Le Sénat a adopté en première lecture, le 11 mars 2015, la proposition de loi de Michelle Meunier, sénatrice (PS) de Loire-Atlantique, et Muguette Dini, sénatrice (UDI) du Rhône, relative à la protection de l'enfant (pour le contenu du texte, voir notre article ci-contre du 25 septembre 2014). Ce texte avait auparavant été examiné - et amendé - par la commission des affaires sociales du Sénat (voir notre article ci-contre du 5 décembre 2014). Il s'inspire très directement des conclusions du rapport d'information "Protection de l'enfance : améliorer le dispositif dans l'intérêt de l'enfant", présenté par les deux sénatrices en juin dernier (voir notre article ci-contre du 25 juin 2014).

Pas de "Conseil national de la protection de l'enfance"

La discussion en séance publique aurait dû intervenir dès le 11 décembre, mais l'encombrement du calendrier parlementaire a conduit à interrompre la séance avant la fin de la discussion générale. L'examen du texte a repris le 28 janvier, avant de s'interrompre à nouveau pour s'achever finalement le 11 mars avec une adoption à l'unanimité...
Au fil de ces séances, le Sénat a adopté plusieurs amendements importants. Il a ainsi supprimé l'article 1er, qui instaurait un Conseil national de la protection de l'enfance.

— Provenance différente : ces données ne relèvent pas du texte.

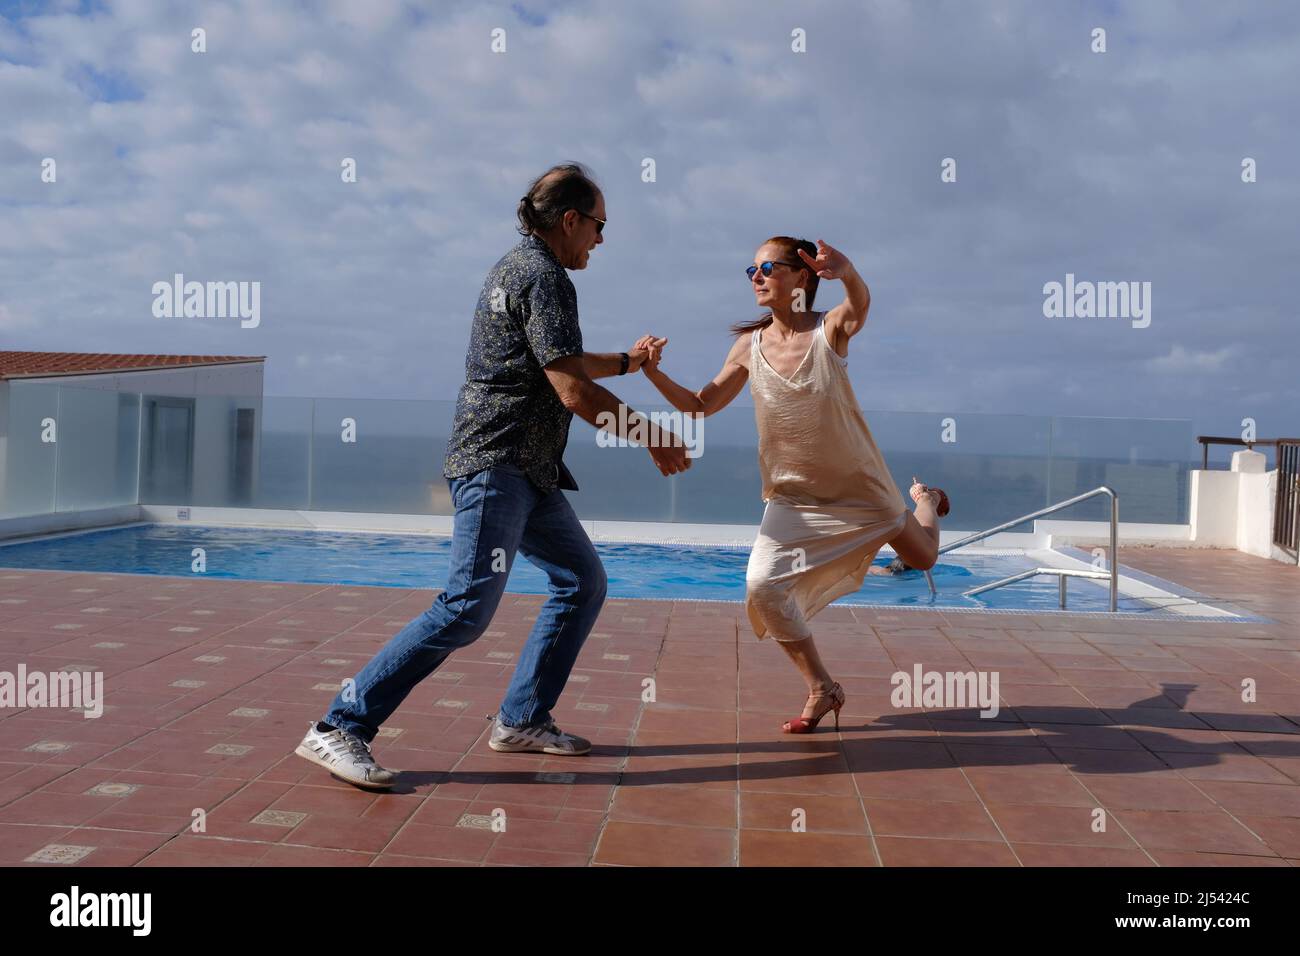 Deux personnes pratiquent la danse, le tango, sur le toit d'un hôtel près d'une piscine. Banque D'Images

L'exposé des motifs précise en effet "qu'il est illusoire d'imaginer qu'une nouvelle instance nationale va permettre de piloter un dispositif de protection de l'enfance entièrement décentralisé et de la compétence des départements depuis 1983".
Sur amendement du gouvernement, les sénateurs ont également introduit un article supplémentaire (avant l'article 5), qui ajoute dans les missions de l'aide sociale à l'enfance (ASE) celle de "veiller à la stabilité du parcours de l'enfant confié et à l'adaptation de son statut sur le long terme". Un amendement de principe, dont les conséquences pratiques n'apparaissent toutefois pas très évidentes.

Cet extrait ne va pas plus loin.